Хотя я в этом доме родился, я не бывал в нем такое долгое время, что теперь никак не мог привыкнуть называть его моим, несмотря на то что никто, кроме меня, не платил огромные деньги по закладной, взятой под дом моей матерью, дабы не знать нужды в старости, до которой ей не довелось дожить. Дом являлся полуотдельным, построен в пятидесятые годы и видел лучшие денечки. Я ничего не делал снаружи, чтобы привести его в порядок, разве что сломал пристроенный гараж да построил стену с калиткой по периметру. Там, где убирали бетон, вскопали землю, и я набросал туда семян травы — ничего другого не смог придумать. Я вообще до сих пор считал, что там водятся привидения. Томми ужасно разгневался и заявил, что я хочу иметь «лужайку бизнесмена величиной с гребаный бильярдный стол». Он когда-то работал на моего отца и восстановил стоявший в гараже «вольво», поэтому считал, что имеет право голоса по поводу освободившегося пространства. Он начал укладывать камни и гальку, которые воровал со своей случайной работы, сажал кусты, а между ними — вереск. У дома росли падубы, тис и кипарисы, поэтому Томми посадил такие же деревья и вдоль дорожки, добавив лавр, чтобы казалось погуще. В результате получилась симпатичная дорожка, бегущая к калитке из остроконечных черных штакетин, пропускавших свет. Он здорово поработал, и я был ему благодарен.

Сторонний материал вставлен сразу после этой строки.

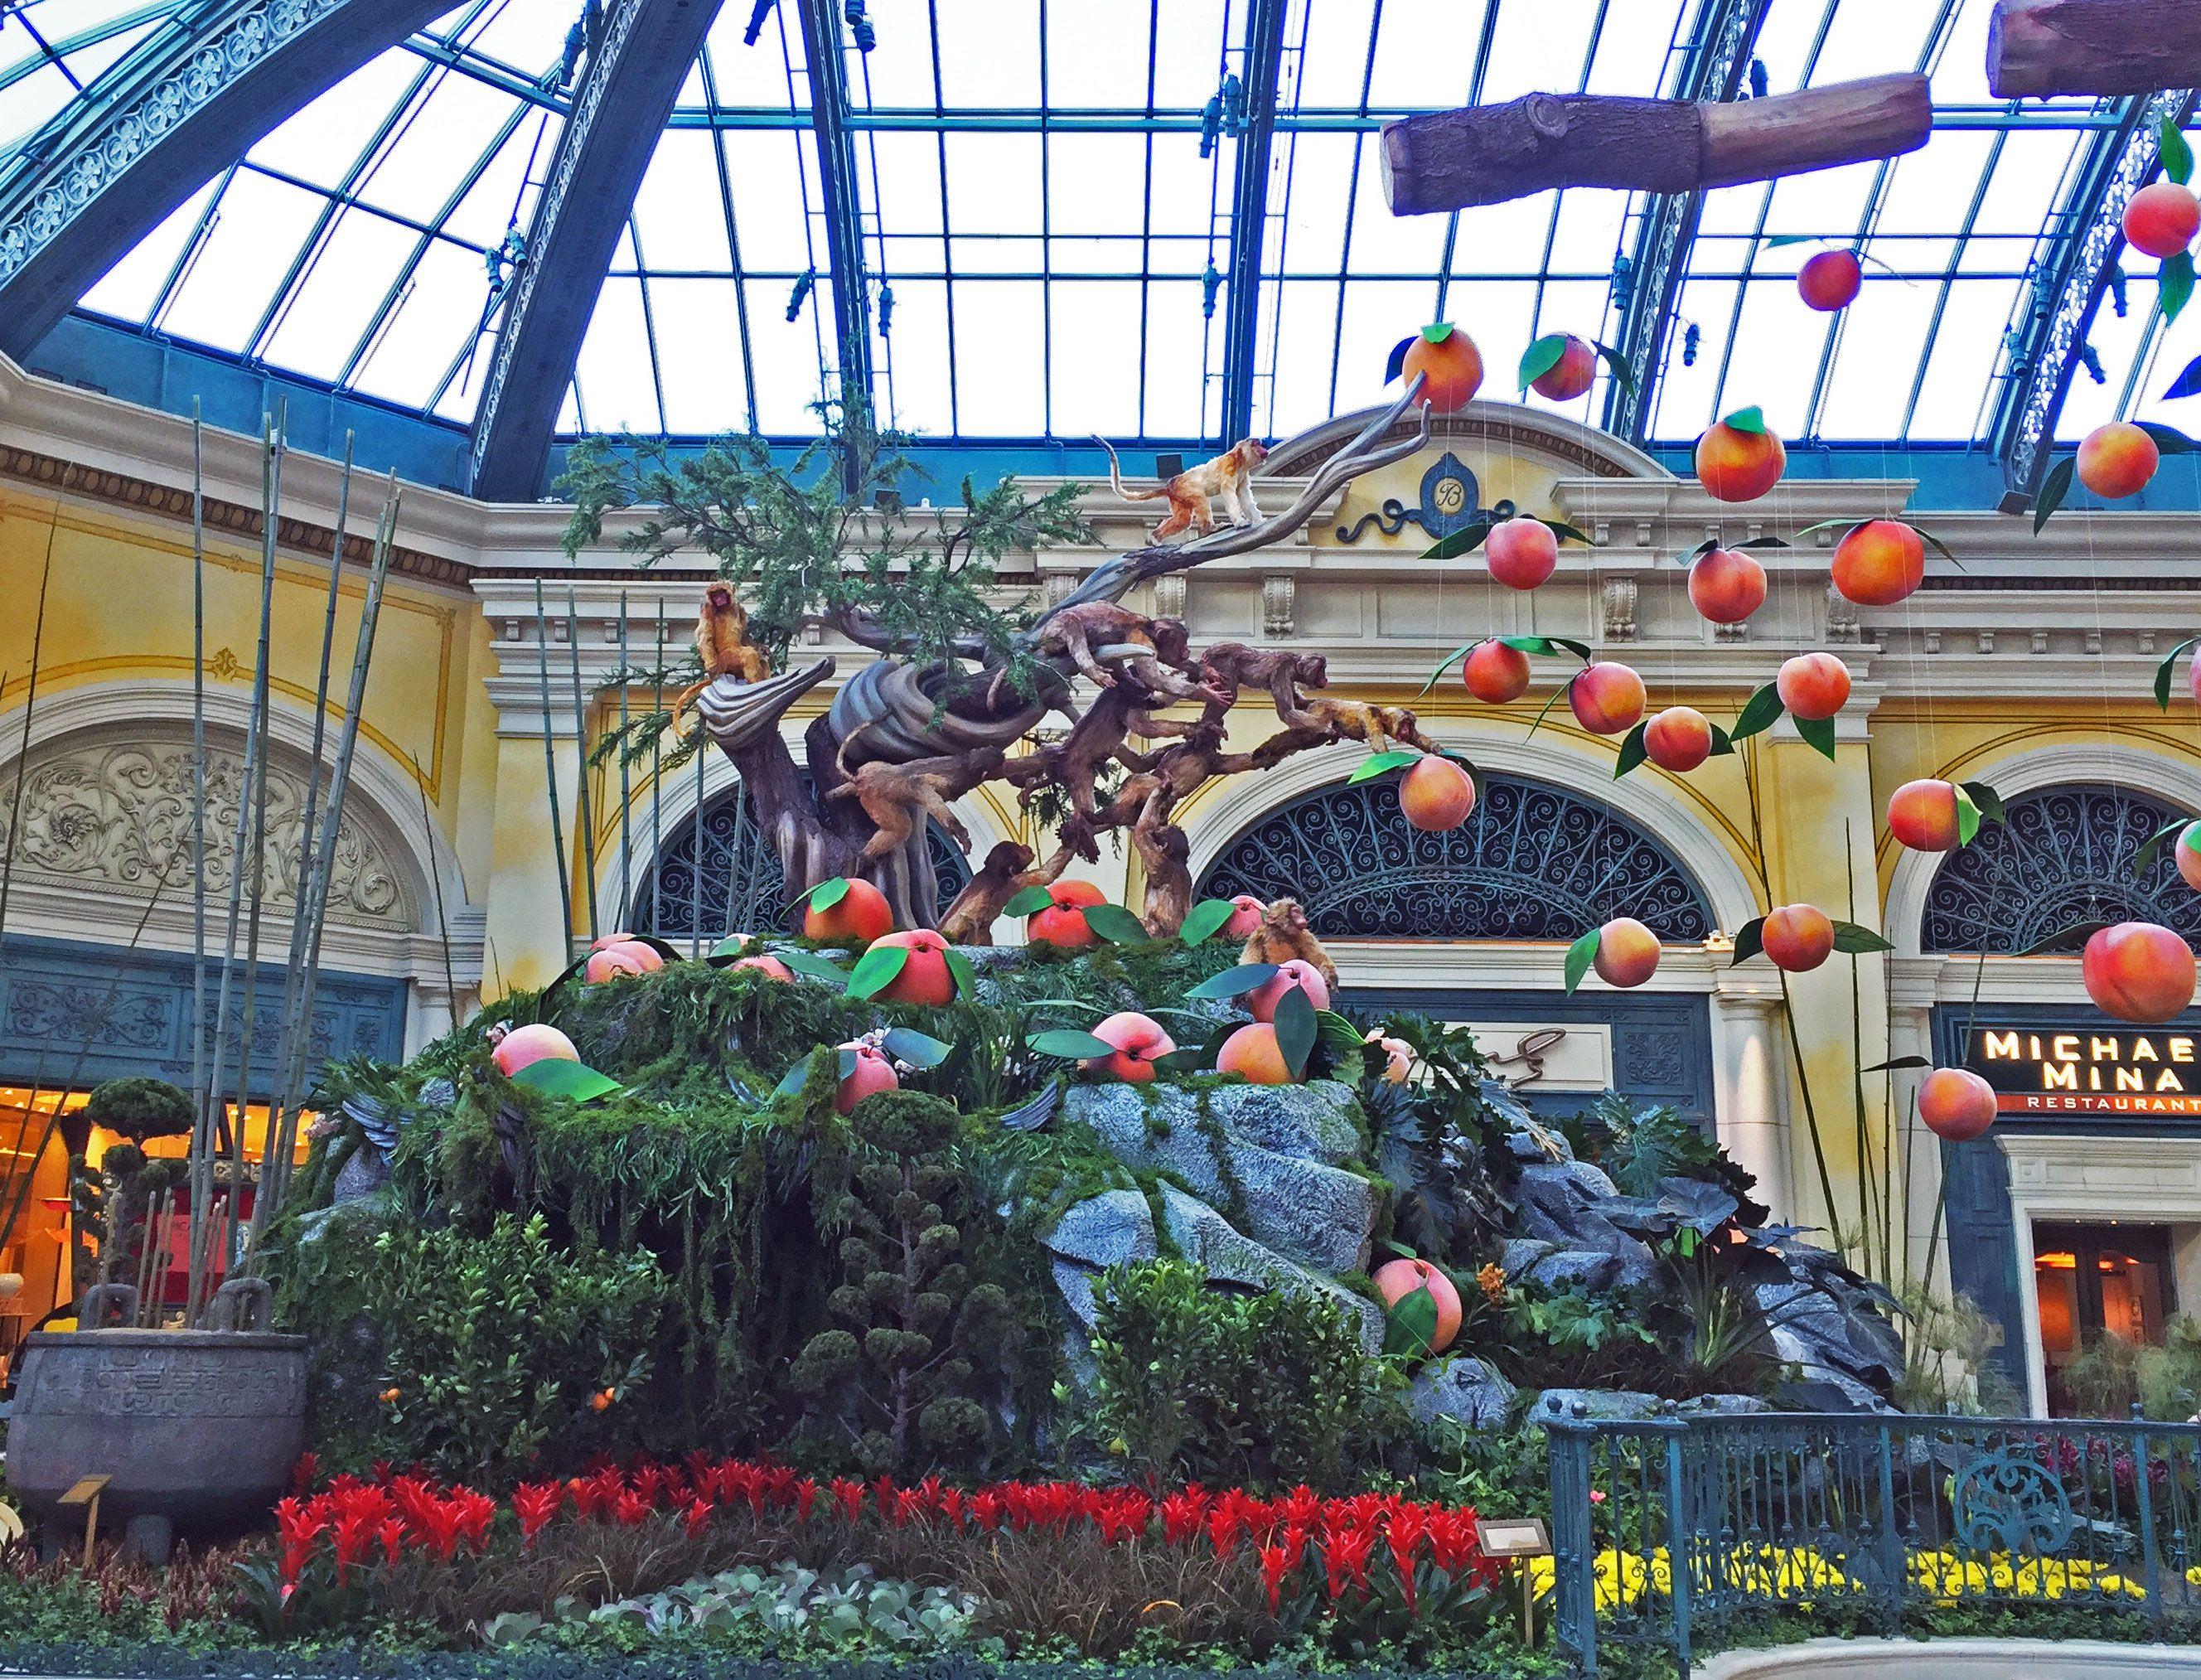 11560f7120fdb4a13a8a30c58e6b822a - Bellagio Conservatory & Botanical Gardens Las Vegas
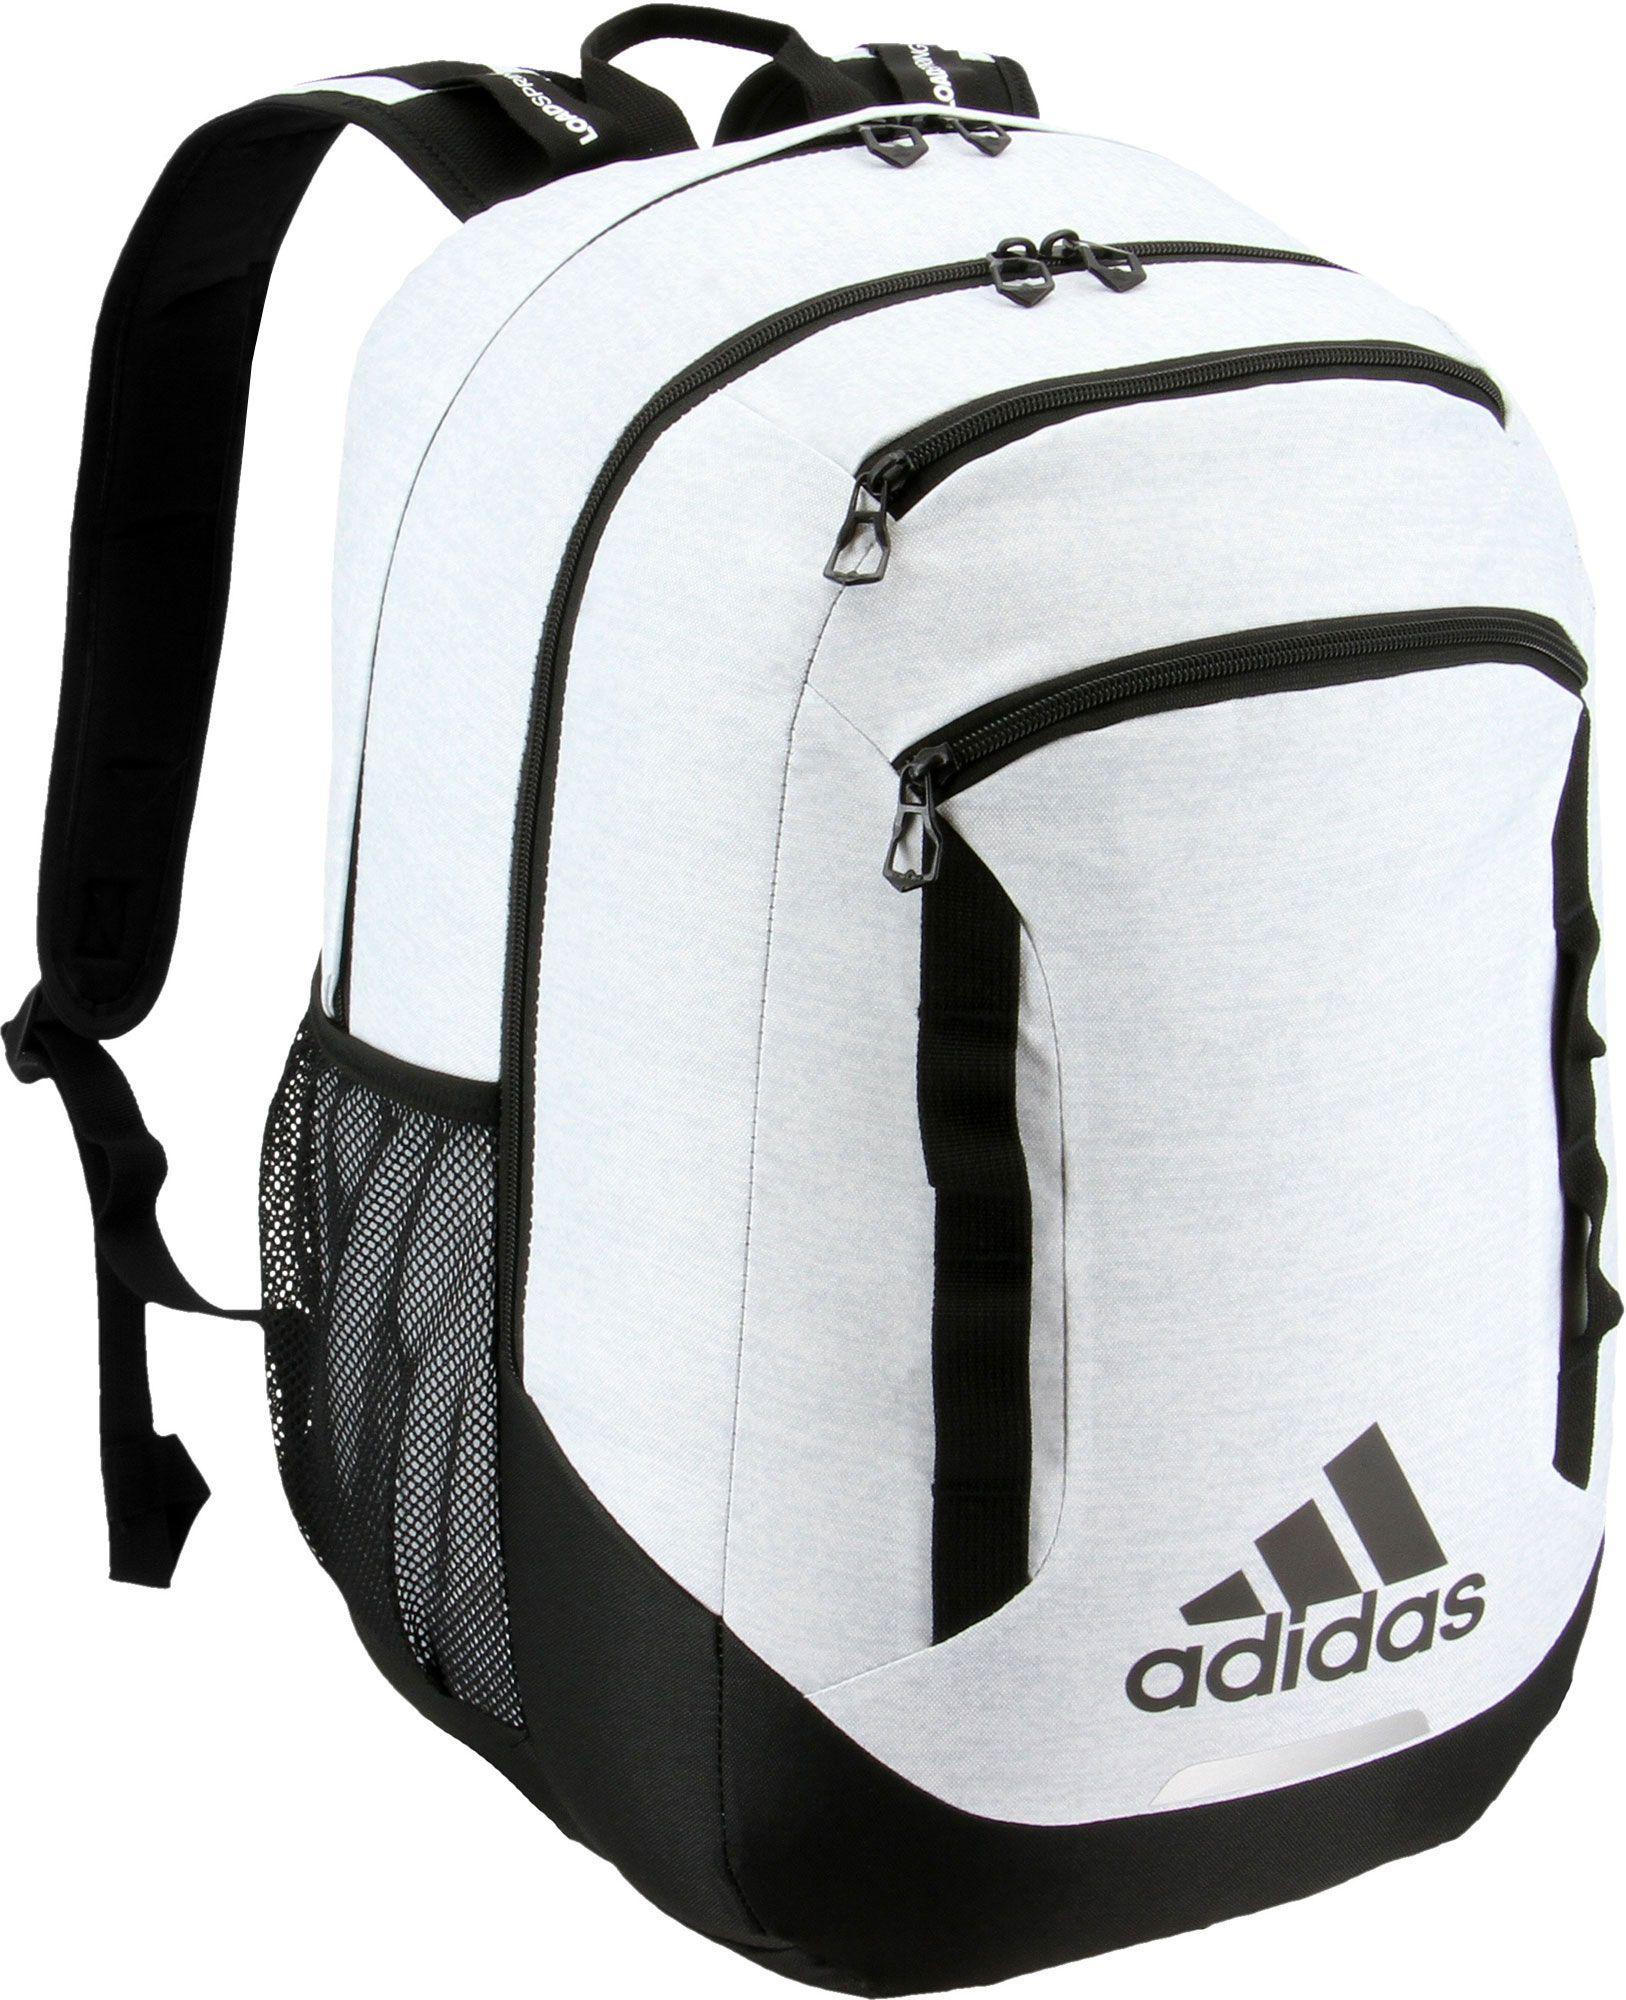 b5ec5b6e17f3 adidas Rival XL Backpack

Внутри я всего лишь отдраил песком и покрасил полы и выкрасил потолок и стены в белый цвет. Мебели у меня имелось не много, но я купил коричневый кожаный диван, достаточно длинный, чтобы завалиться на нем спать в пьяном виде и не проснуться при этом с деформированным позвоночником. Сейчас на этом диване сидел Томми, держа в руках два пульта дистанционного управления. Я сел рядом, и он протянул мне пульт от видеомагнитофона.

— Почему ты все еще носишь обручальное кольцо, Эд? — спросил Томми.

Это был хороший вопрос, я и сам его себе задавал. Мой брак распался после того, как умерла моя дочь Лили, через несколько дней после ее второго дня рождения. Я смутно помнил, как подписывал бумаги о разводе, потому что был пьян. После ее смерти я постоянно находился в таком состоянии. Моя бывшая жена недавно связалась со мной, в первый раз после развода. Ей хотелось самой сказать мне, что она выходит замуж за мужчину, с которым встречалась еще до того, как вышла за меня замуж, и никак не могла забыть все то время, пока мы оставались женаты. Хотя я ничего об этом не знал, пока не стало слишком поздно. Она хотела, чтобы я знал, что она скоро собирается родить этому мужчине ребенка, и услышал это от нее лично, а не от кого-то еще. Я подумал, что вряд ли кто-то из тех, кто знал меня в Лос-Анджелесе, когда-либо упомянет мою жену, но, возможно, она проявила излишнюю чувствительность. Может быть, она хотела сказать, что тоже тоскует о том, что было, о том, что мы потеряли. Но вряд ли. Скорее выглядело это так, будто она собрала в кучу наше общее прошлое, нашего ребенка, нашу историю, подняла все на ладони и подожгла, причем хотела, чтобы я обязательно увидел языки пламени. Но я ничего такого не сказал. Пожелал ей удачи и повесил трубку. Я боялся не сдержаться и дать ей возможность услышать горечь в моем голосе и тоску, не покидавшую меня. Казалось, тоска никогда не исчезнет. Я все еще носил обручальное кольцо, потому что не хотел забыть языки пламени, обжигавшие меня и связывавшие с прошлым.

ГЛАВА 4

Дэвид Брэди жил в квартире в Сифилде, в комплексе «Вид на море». Я стоял у закрытой входной двери в комплекс, держа в одной руке ключи от машины, а другой прижимая к уху телефон и время от времени говоря «точно», «без проблем», «крайний срок понедельник», пока в вестибюле не появился низенький человеке волосами, склеенными в остроконечный гребешок, — такая прическа по непонятной мне причине стала в последнее время модной среди молодых агентов по недвижимости. Под мышкой он нес папку с описанием всех квартир. До окончания строительства «Вид на море» распродал все квартиры; теперь же, когда строительство закончилось, половину квартир снова выбросили на рынок. Первые покупатели запрашивали за них на шестьдесят — семьдесят процентов больше, чем заплатили сами. Я показал на дверь, все еще кивая телефону, и Гребешок, прыщавый и носивший коротковатые брюки тип, открыл ее и протянул мне папку. Я помахал перед ним ключами и, как очень занятой человек, направился к лифтам.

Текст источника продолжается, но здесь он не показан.